**Exercise instructions:** The material beneath this line should be printed exactly, with its pictures omitted.

---------- Exercise data ----------

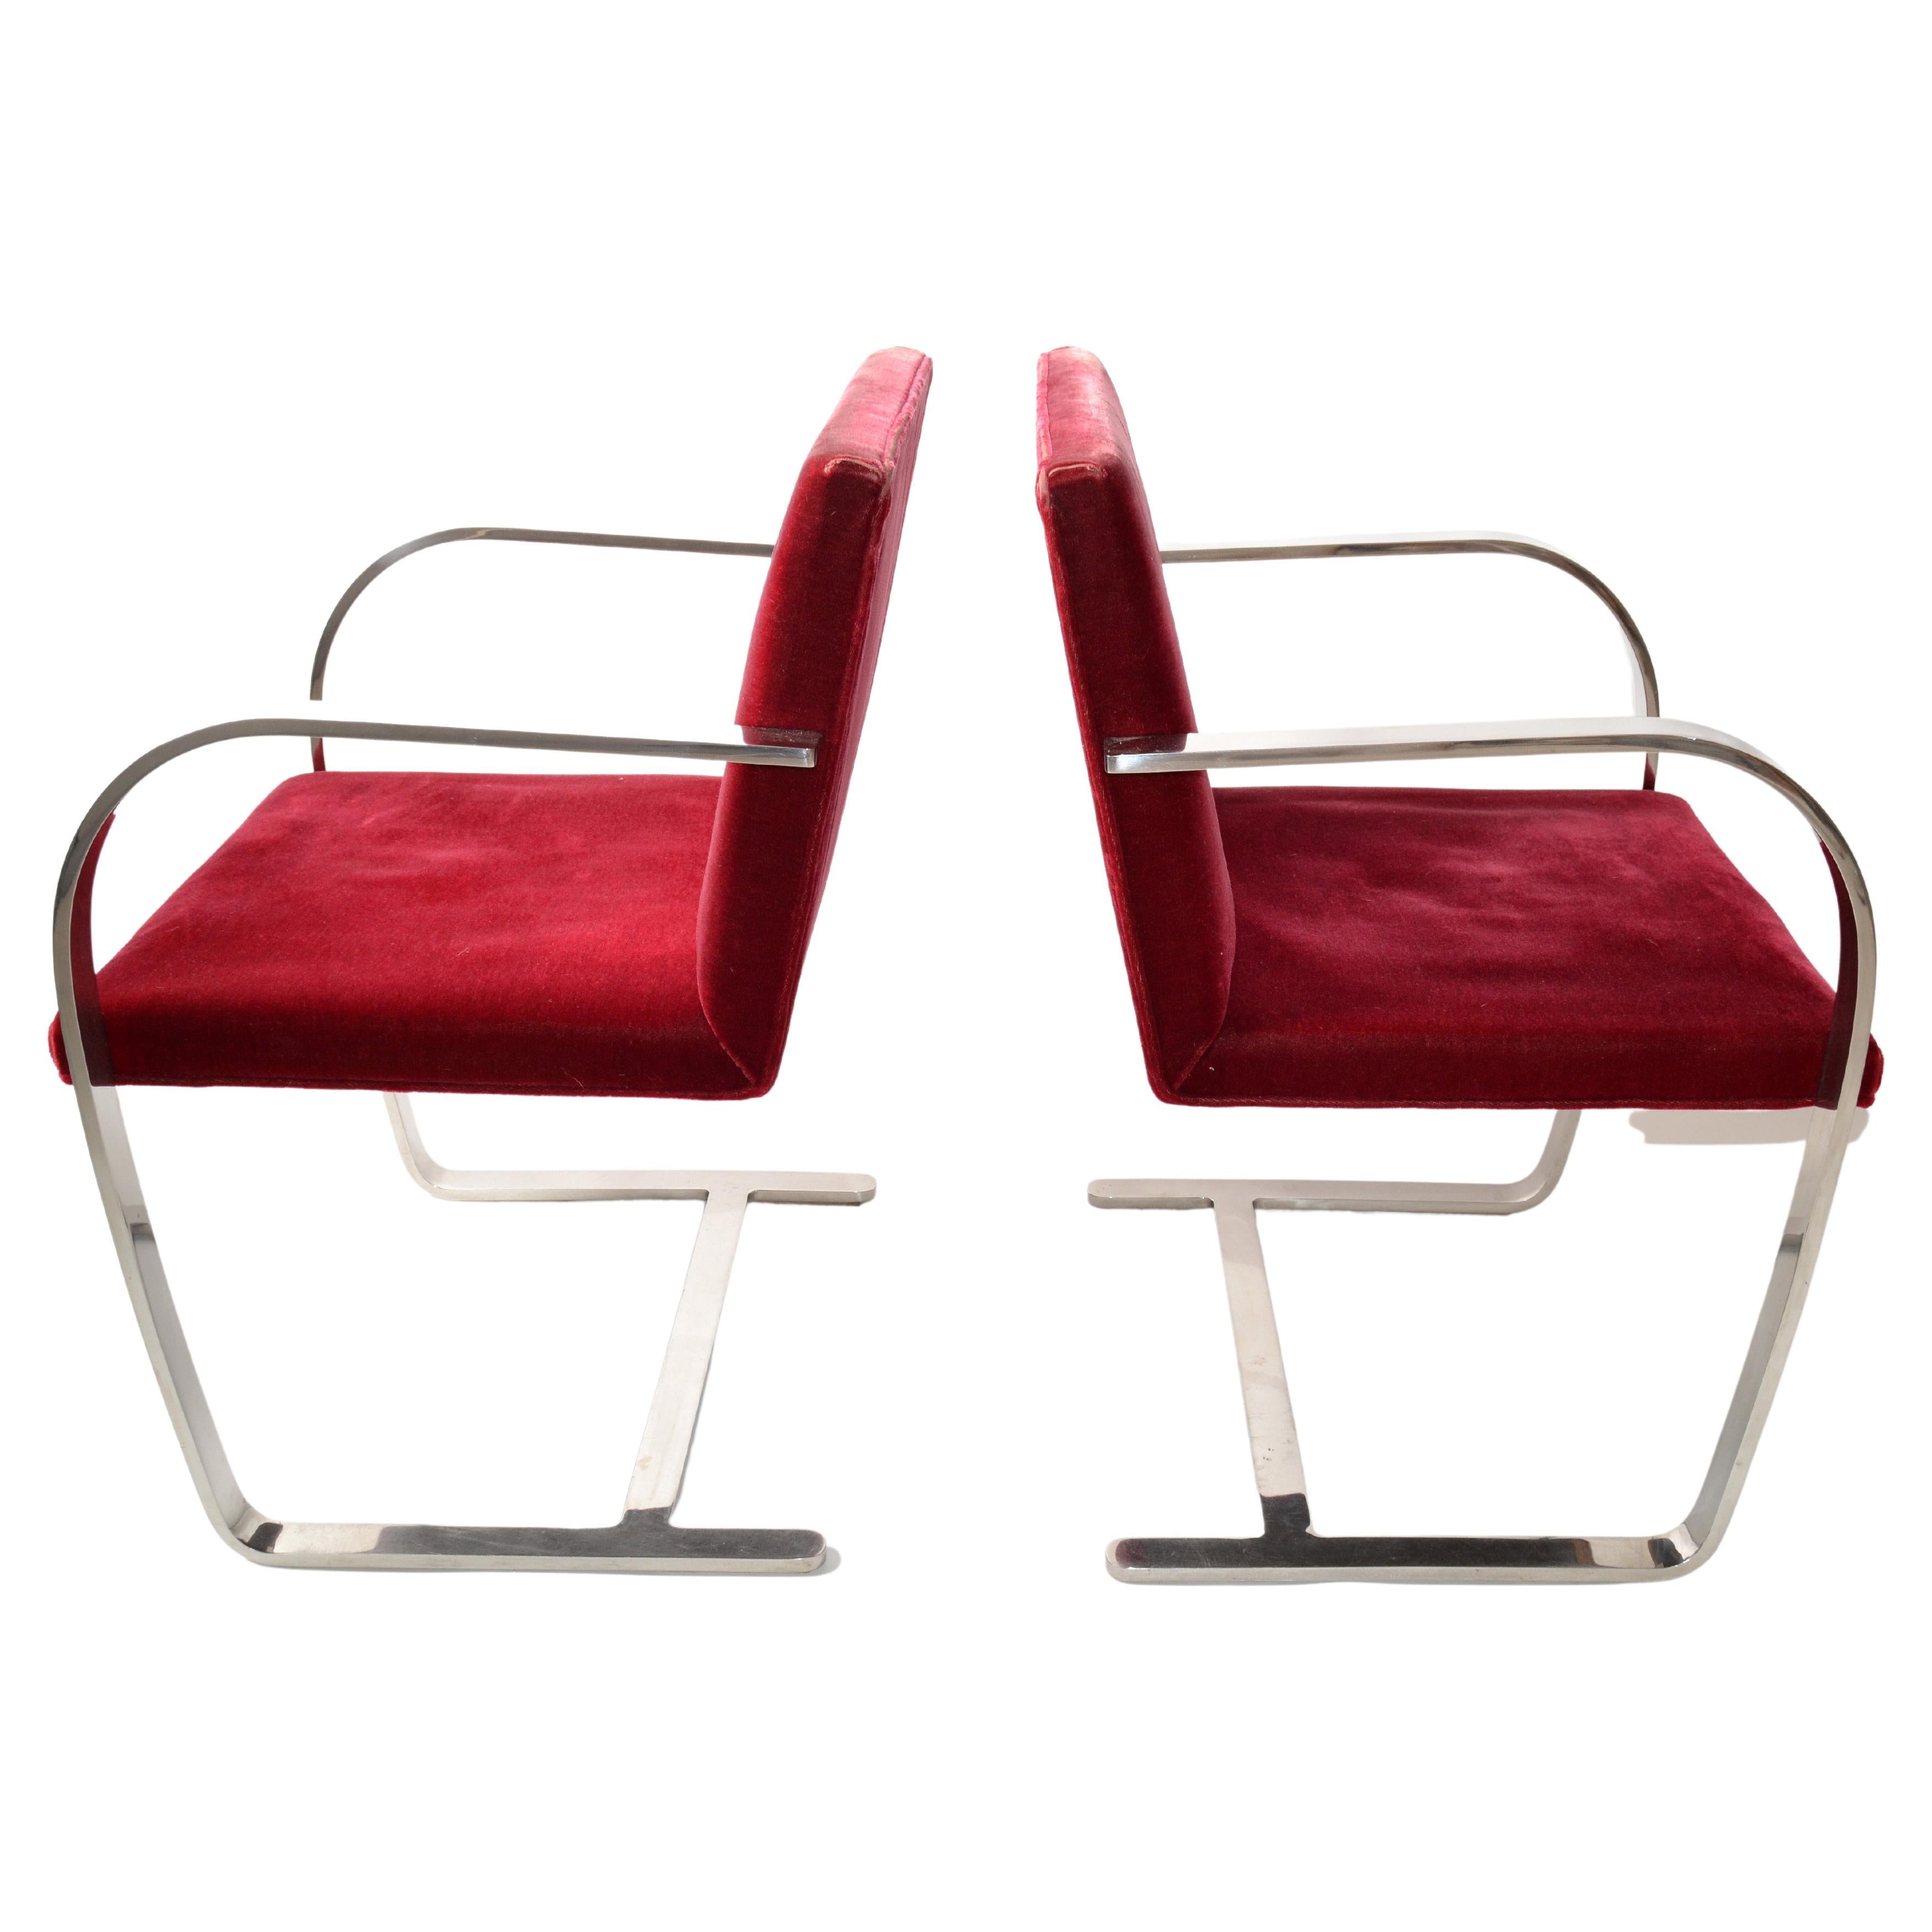 Mies Van Der Rohe für Knoll, Brno-Stühle aus Edelstahl, roter Samt 1979, Paar
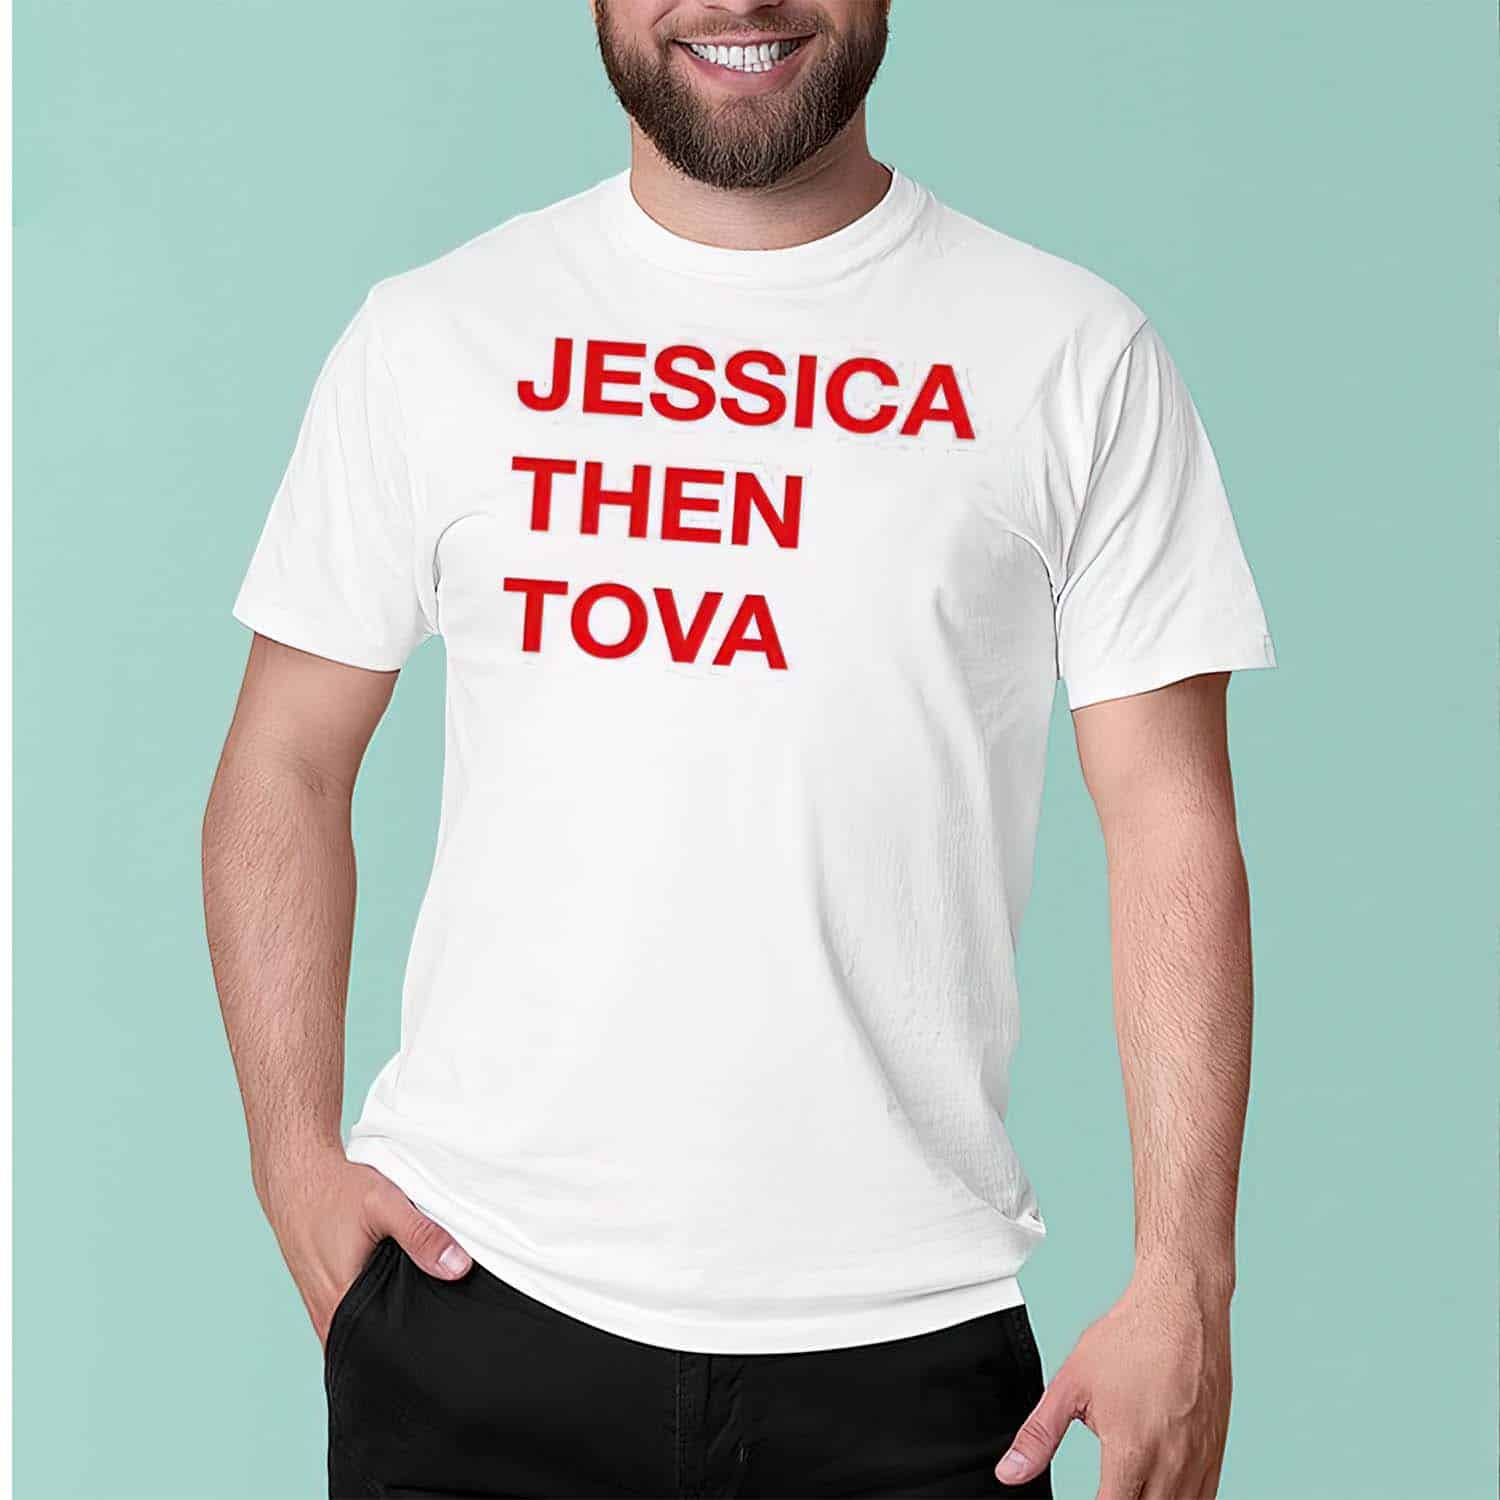 Jessica Then Tova Shirt
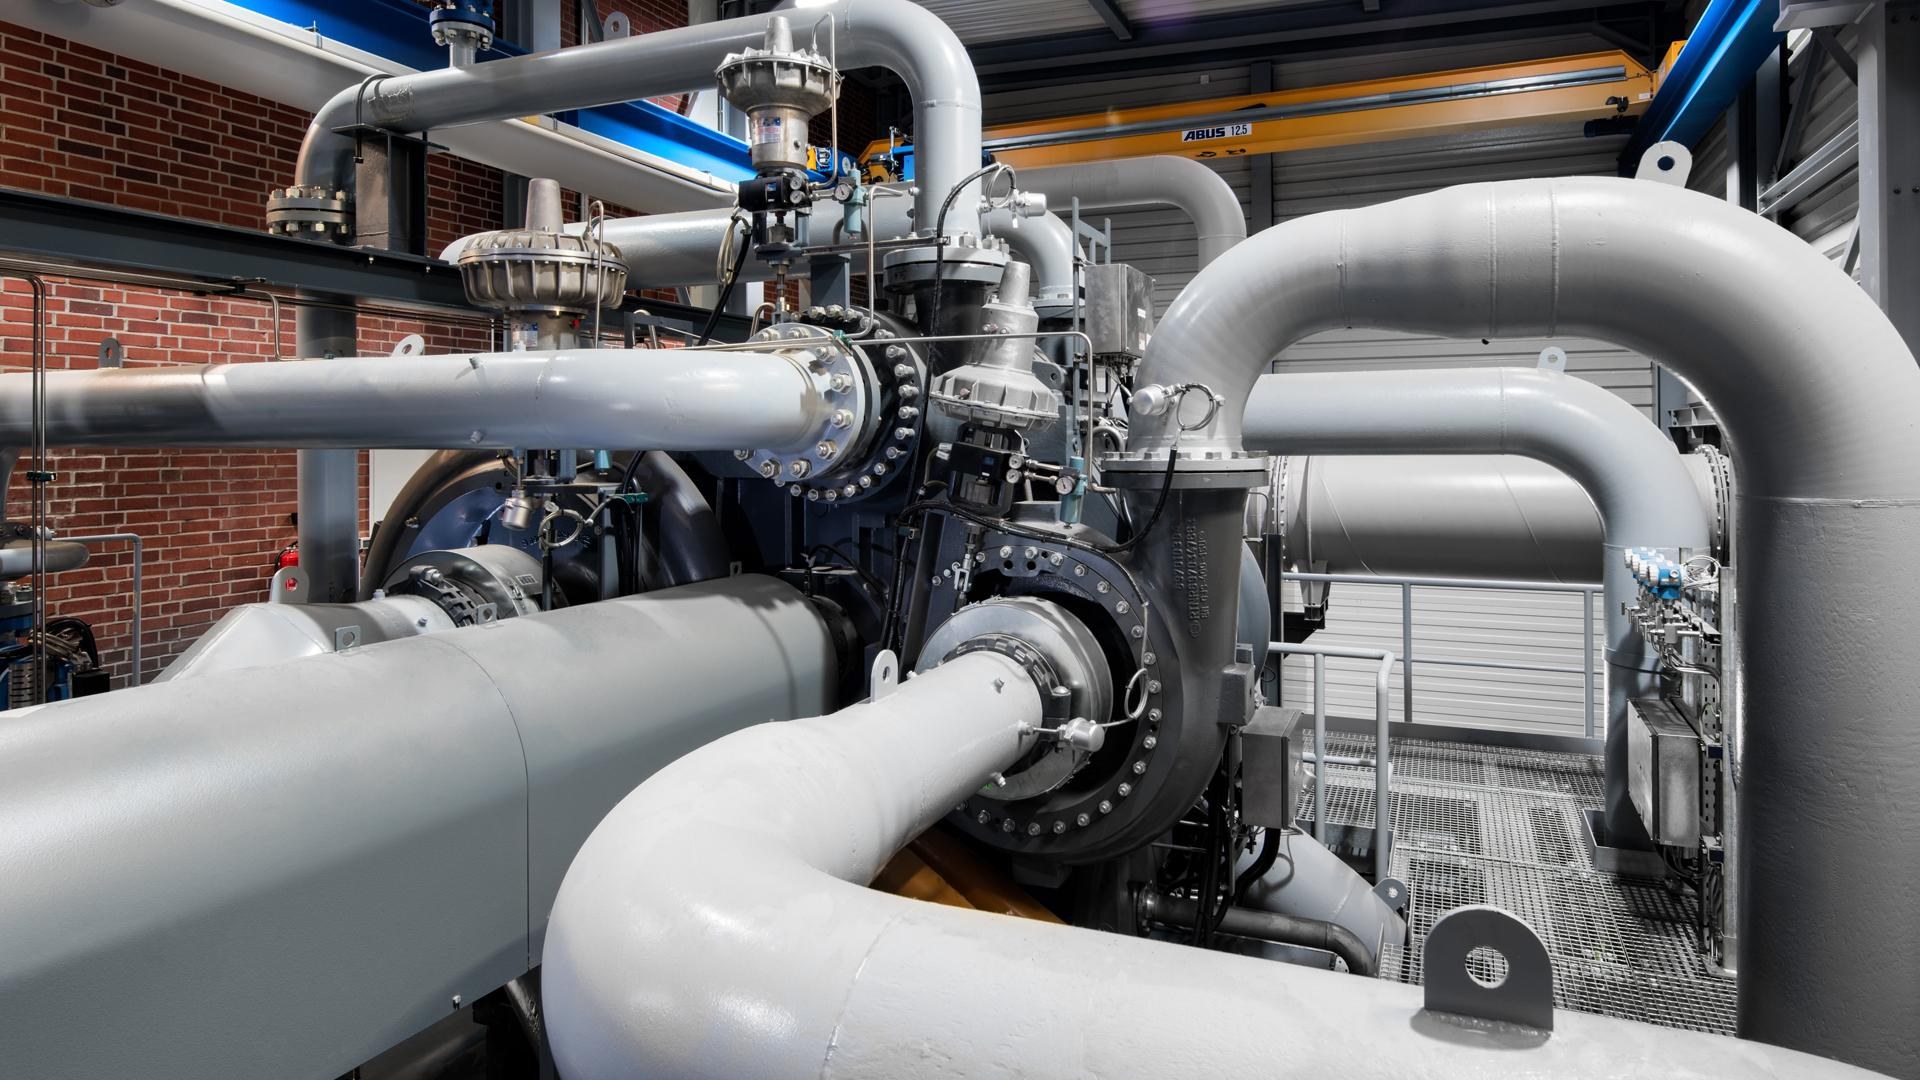 High-pressure air compressor system (25 kilograms per second; 45 bar; 12.5 megawatts)

----------

**Response for this exercise:**
 Mies Van Der Rohe für Knoll, Brno-Stühle aus Edelstahl, roter Samt 1979, Paar
 Jessica Then Tova Shirt
 High-pressure air compressor system (25 kilograms per second; 45 bar; 12.5 megawatts)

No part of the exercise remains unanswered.